Der Verwaltungsgerichtshof hat durch den Vorsitzenden Senatspräsident Dr. Thoma und Hofrätin Mag. a Nussbaumer Hinterauer sowie Hofrat Mag. Cede als Richterin und Richter, unter Mitwirkung der Schriftführerin Mag. Kovacs, über die Revision der E B in W, vertreten durch Mag. Dr. Martin Dercsaly, Rechtsanwalt in 1030 Wien, Landstraßer Hauptstraße 146/6/B2, gegen das Erkenntnis des Bundesverwaltungsgerichts vom 23. November 2022, W111 2260415 1/7E, betreffend Versetzung in den Ruhestand gemäß § 14 Beamten Dienstrechtsgesetz 1979 (belangte Behörde vor dem Verwaltungsgericht: Bundesministerin für Justiz), zu Recht erkannt:
Das angefochtene Erkenntnis wird wegen Rechtswidrigkeit infolge Verletzung von Verfahrensvorschriften aufgehoben.
Der Bund hat der Revisionswerberin Aufwendungen in der Höhe von € 1.346,40 binnen zwei Wochen bei sonstiger Exekution zu ersetzen.
1 Die Revisionswerberin stand als Justizwachebeamtin in einem öffentlich rechtlichen Dienstverhältnis zum Bund. Mit Bescheid vom 20. Juni 2022 wurde sie von Amts wegen gemäß § 14 Abs. 1, 2 und 4 Beamten Dienstrechtsgesetz 1979 (BDG 1979) mit Ablauf des Monats, mit dem dieser Bescheid rechtskräftig wird, in den Ruhestand versetzt.

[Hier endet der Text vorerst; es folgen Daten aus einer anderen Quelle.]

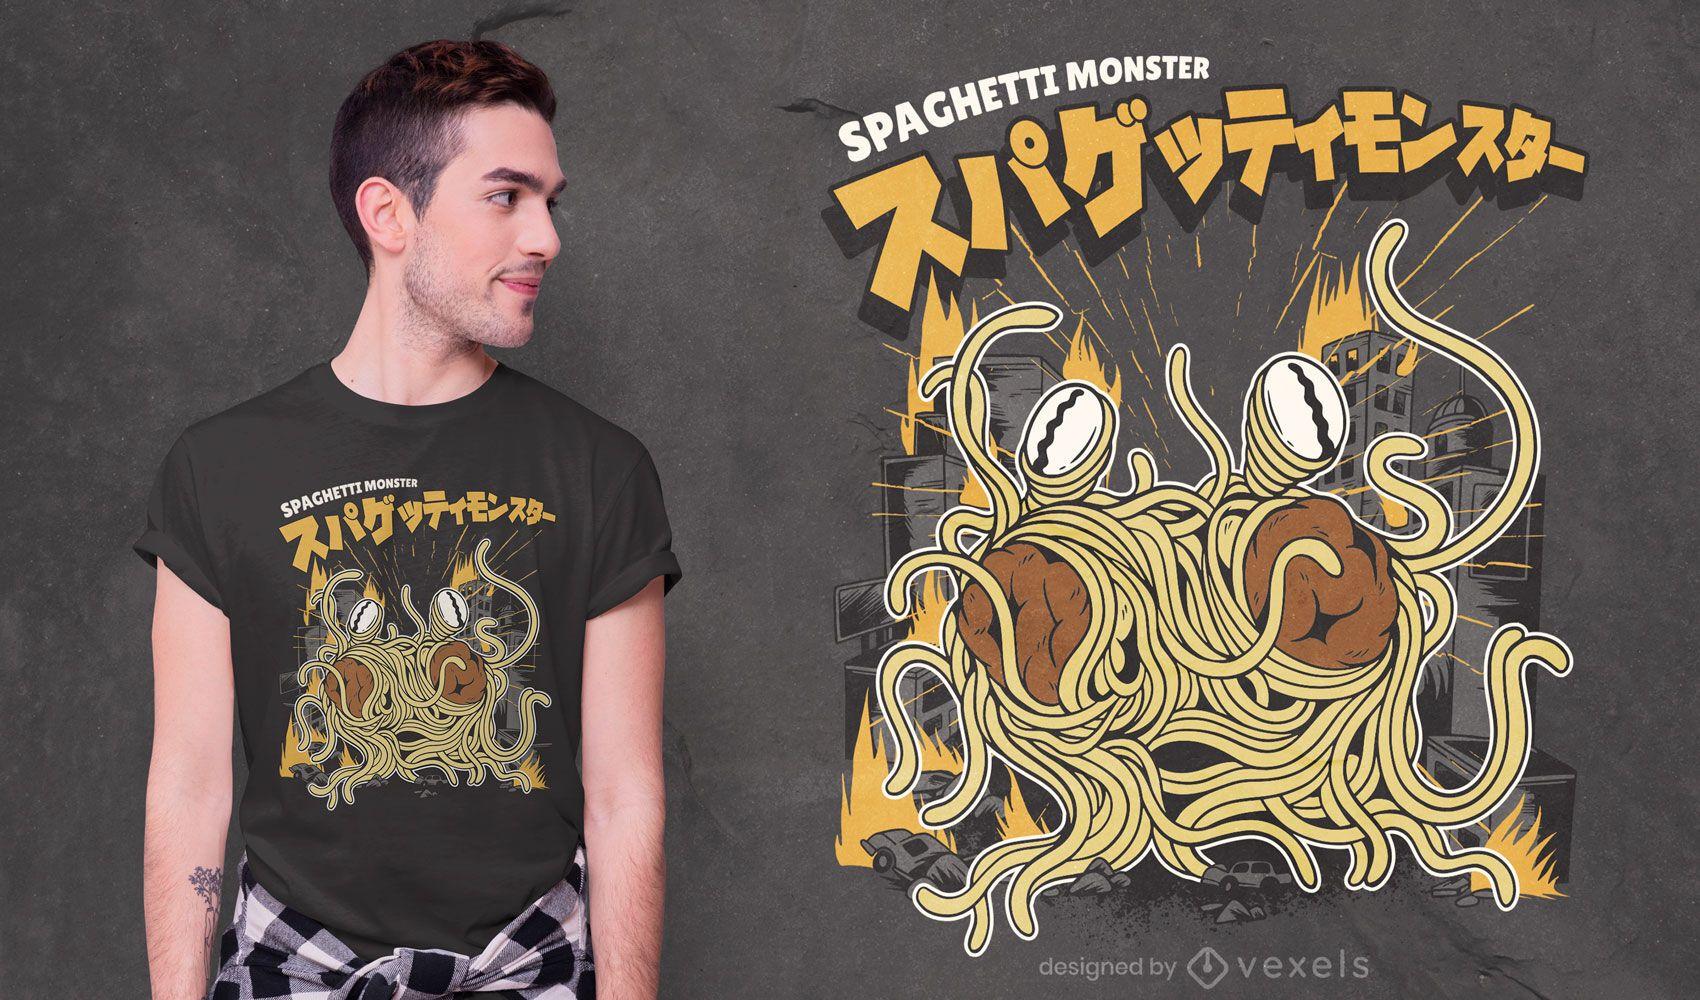 Spaghetti Monster T-shirt Design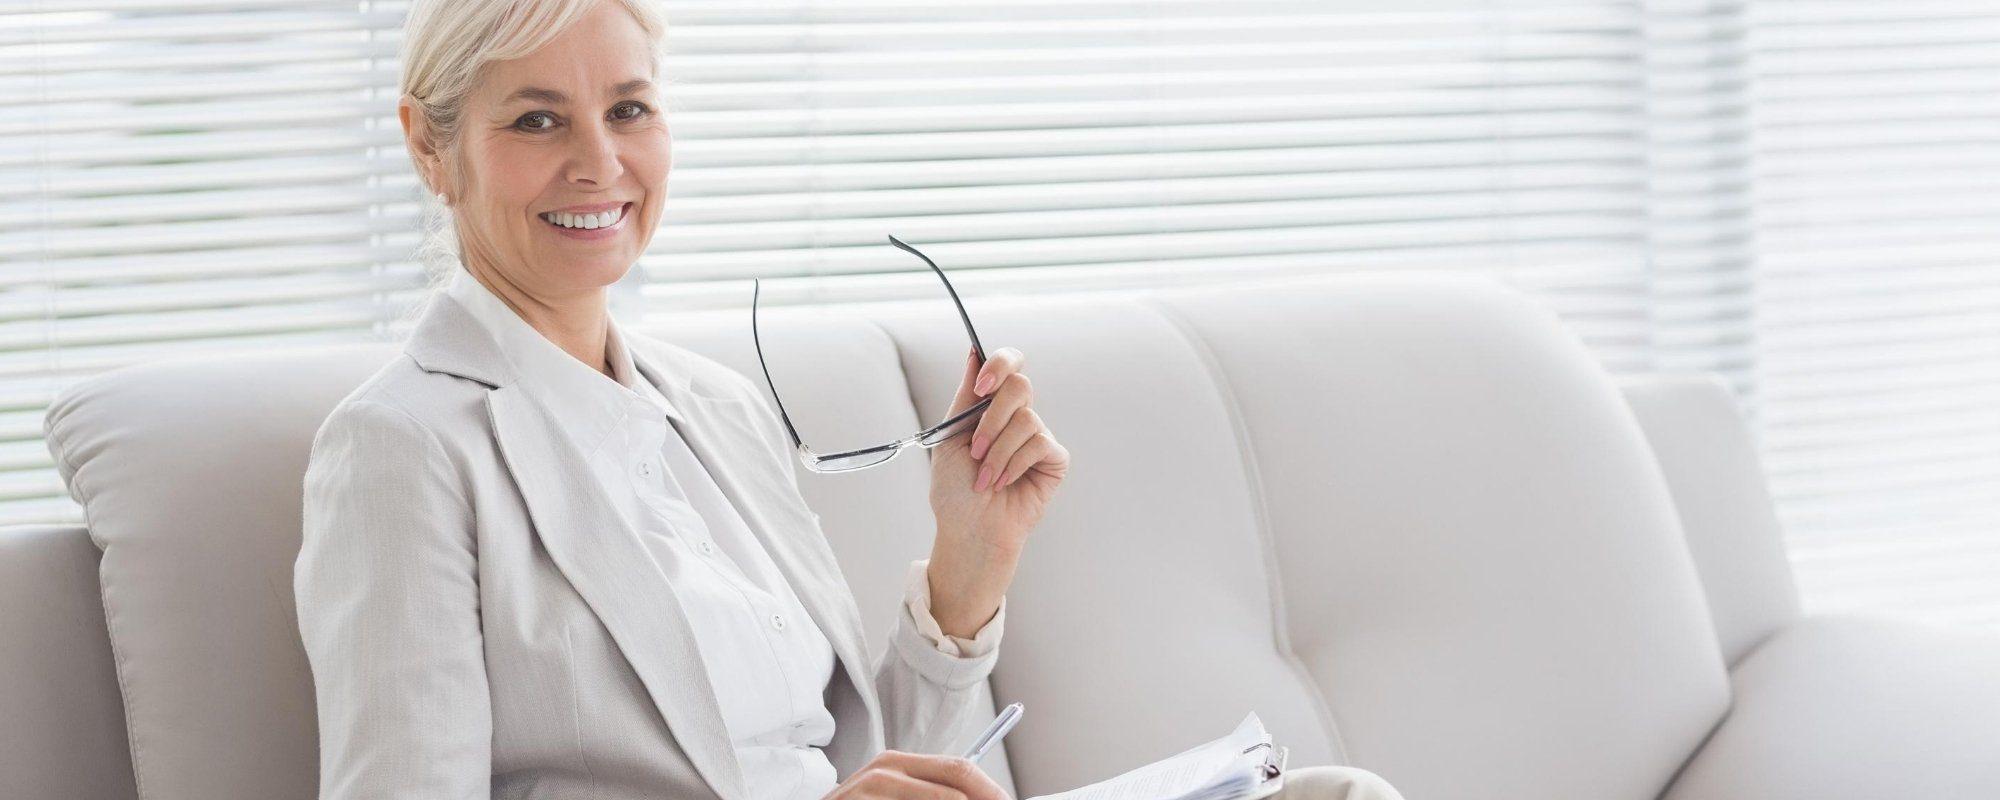 Psychiatrist or Therapist Headroom

2 In der Begründung des Bescheides wurde Folgendes ausgeführt:
3 Die Revisionswerberin sei Justizwachebeamtin der Verwendungsgruppe E2b (Ergänzungseinreihung Verwendungsgruppe E2a) und stehe in der Justizanstalt Wien Simmering (Dienstführende in Einsatzfunktion, Bewertung E2a/GL) in Verwendung. Sie habe turnusweise Tag , Nacht , Sonn und Feiertagsdienst zu versehen. Ihr Arbeitsplatz beinhalte die folgenden Aufgaben: „Dienst Gefangenenabteilung“, „Außen und Innensicherung“, „Eskorten / Vorführungen / Vorführkommandantin“, „Besuchsüberwachung“, „Betreuung / Fortbildung“ und „kurzfristige Vertretung der ständigen Bereichsbeamten“. Als „Allgemeine physische und psychische Anforderungen, denen Exekutivbedienstete in Justizanstalten entsprechen müssen, um den Anforderungen für folgende Tätigkeiten zu genügen“ seien die folgenden anzusehen: „Dienst im Schicht und Wechseldienst bei zeitweiser Beanspruchung während der Nachtstunden, und zwar mit unregelmäßigen und höchstens einigen Stunden umfassenden, häufig aber gekürzten Erholungsphasen“; „Volle Funktionsfähigkeit aller Sinnesorgane zur Wahrnehmung physischer Gefahren, das heißt uneingeschränkter Gesichtssinn, Geruchssinn und Gehörsinn“; „Körperliche Konstitution und Kondition, die längeres Stehen und Sitzen und jederzeit ohne Vorbereitung volle körperliche Einsatzfähigkeit erlaubt, uneingeschränkte Verfügung der physischen und psychischen Voraussetzungen zur Anwendung einsatzbezogener Kraft, und zwar mit und ohne Dienstwaffen“; „Volle physische und psychische Verfügbarkeit der Voraussetzungen zum Führen und dem Einsatz der Dienstwaffen, das sind derzeit mindergefährliche Abwehrwaffen, Reizstoffsprühgerät, Handfeuerwaffe, Langwaffe und Elektroschockgerät“; „Ohne Vorbereitungszeit (Aufwärmzeit) körperliche Fähigkeit zur Nacheile (Laufen, um einen Flüchtenden einzuholen)“; „Uneingeschränkte Fähigkeit, Entscheidungen unter Zeitdruck oder sonst unter situativ bedingtem Stress (Gefahrensituationen mit drohender Gewalt) zu treffen“.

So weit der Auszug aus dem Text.